I enjoy thinking about all these abstract ideas about our minds, free will, and the limits of what we can know. I think about these things when I write in the evening and sometimes during the day, but I also have a normal job and have to interact with people who have no interest and probably have no clue about these thoughts I have. It is like having some obscure hobby; people like you to tell about it but not too much, and you probably have to use a lot of words to explain a detail while discussing with someone with the same hobby, a name and a nod will often be enough.
I can only write in the evenings, and often, a long day of work has taken most of my energy. I have tried to organize my work, and I have many lists with ideas and attempts. One philosopher I like is Benedict de Spinoza. I bought his book Ethics many years ago, not to read it but just to have it and maybe look up some quotes. He probably had the same problem that I have with organizing his thoughts. The difference is that he started systematically and didn’t quit. You can read on Wikipedia in more detail about his process, but, in short, he writes down propositions comes up with proofs, and connects all of these with each other. I wish I had the time to study it; maybe one day, I will.
The way I study philosophy, the way I got into it, was by reading general books about philosophy and, over time, books about philosophers. I later mixed this with books written by philosophers, but the main thing I learned from this approach is who is who and who is read by whom. Spinoza is one of those philosophers who is read by most philosophers after him, maybe not as much as the three famous Greek philosophers, but his thoughts were, and still are, important. Together with his contemporary philosophers like Rene Descartes and Gottfried Leibniz, he paved the way from ancient Greek thought to our modern, more rationalistic society. I cannot tell you in detail why he is important, but because he is highly regarded by his peers, I will also regard him highly. It is like admiring Einstein while only understanding 5% of why he should be admired.
Another challenge with studying philosophy this way is that I might have strong disagreements with, for example, Spinoza, but if many accomplished philosophers agree with him then I have to figure out why my criticism seems to be wrong. For me, this is a good lesson in humility but it is important to get a good overview of who is who in philosophy or whatever new field of knowledge you enter. That’s why I never recommend reading books written by philosophers at the beginning of your journey; you might not know that the first book you read is from a charlatan, or you might disagree with an expert in its field because you don’t recognize them as such.
You can read part of Spinoza’s book underneath and the rest at Gutenberg.org. I highlighted one part that I quoted in an earlier post. This is why I bought his book years ago: so I can place quotes I read in their contexts. These days, you can do all of this on the internet.
From Ethics (1677)
PROP. XXXV. Falsity consists in the privation of knowledge, which inadequate, fragmentary, or confused ideas involve.
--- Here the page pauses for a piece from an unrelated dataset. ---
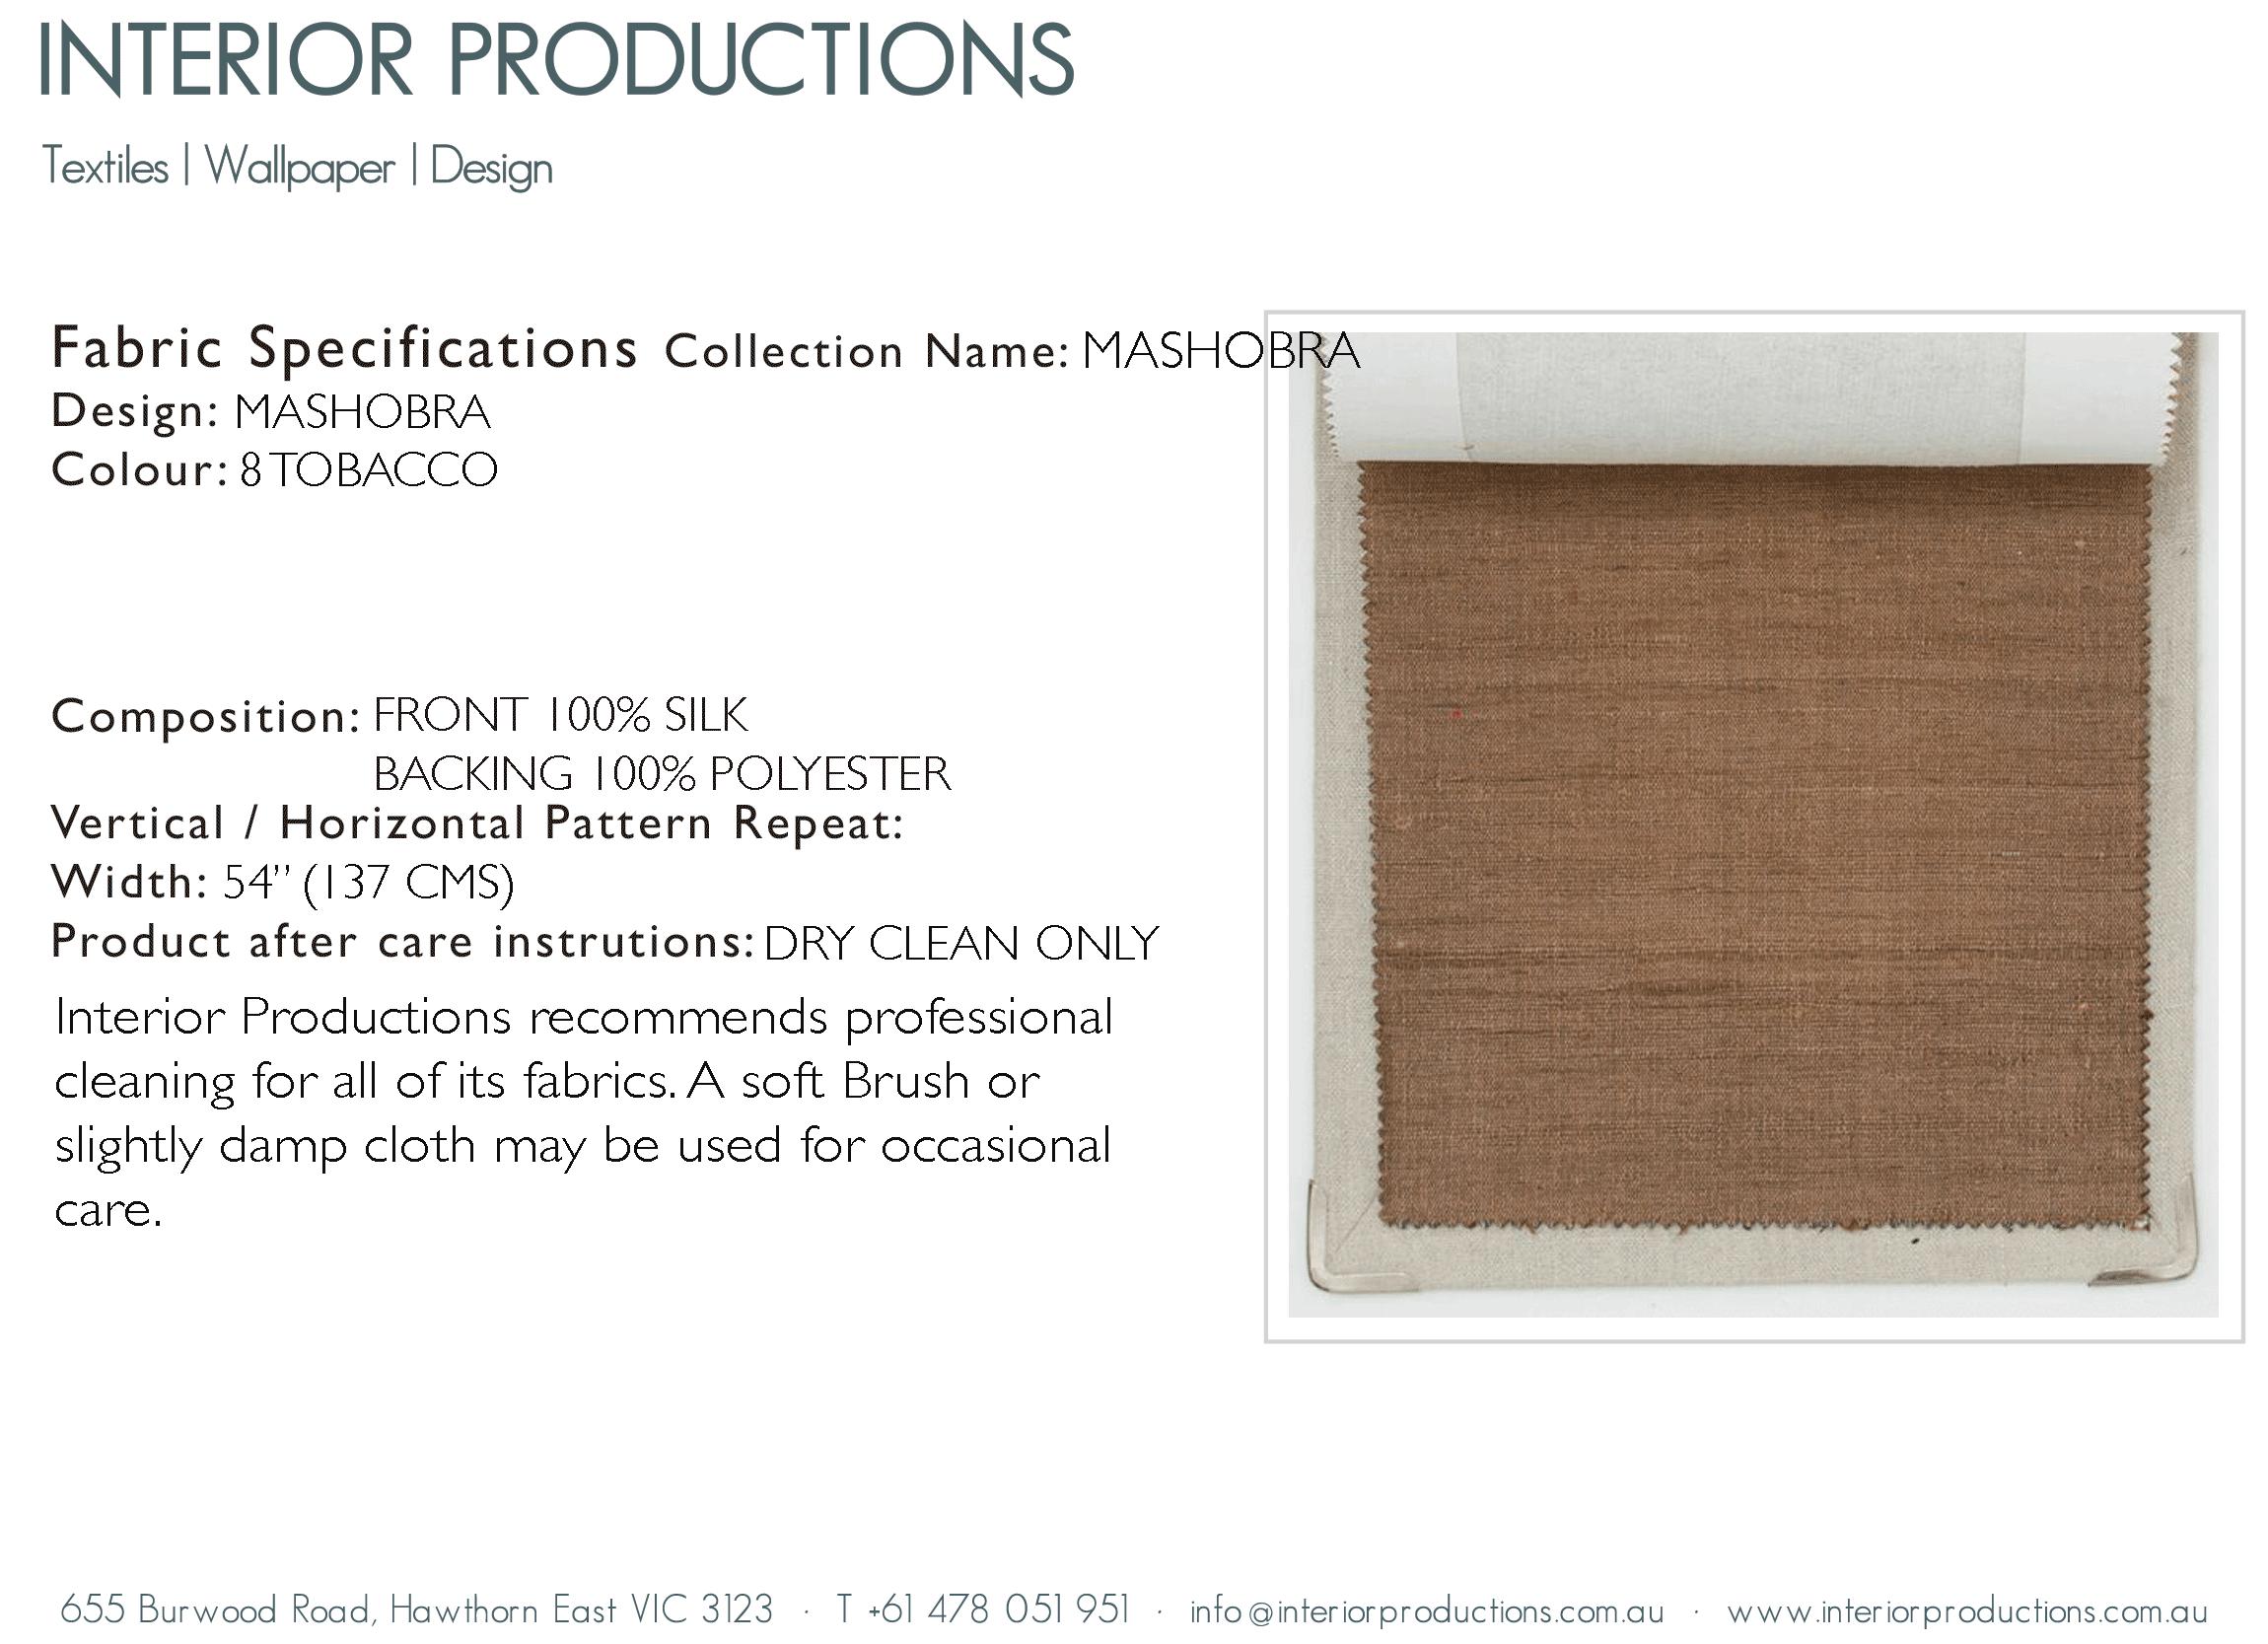 interior_productions_MASHOBRA---8-TOBACCO

Proof. — There is nothing positive in ideas, which causes them to be called false (II. xxxiii.); but falsity cannot consist in simple privation (for minds, not bodies, are said to err and to be mistaken), neither can it consist in absolute ignorance, for ignorance and error are not identical; wherefore it consists in the privation of knowledge, which inadequate, fragmentary, or confused ideas involve. Q.E.D.
Note. — In the note to II. xvii. I explained how error consists in the privation of knowledge, but in order to throw more light on the subject I will give an example. For instance, men are mistaken in thinking themselves free; their opinion is made up of consciousness of their own actions, and ignorance of the causes by which they are conditioned. Their idea of freedom, therefore, is simply their ignorance of any cause for their actions. As for their saying that human actions depend on the will, this is a mere phrase without any idea to correspond thereto. What the will is, and how it moves the body, they none of them know; those who boast of such knowledge, and feign dwellings and habitations for the soul, are wont to provoke either laughter or disgust. So, again, when we look at the sun, we imagine that it is distant from us about two hundred feet; this error does not lie solely in this fancy, but in the fact that, while we thus imagine, we do not know the sun’s true distance or the cause of the fancy. For although we afterwards learn, that the sun is distant from us more than six hundred of the earth’s diameters, we none the less shall fancy it to be near; for we do not imagine the sun as near us, because we are ignorant of its true distance, but because the modification of our body involves the essence of the sun, in so far as our said body is affected thereby.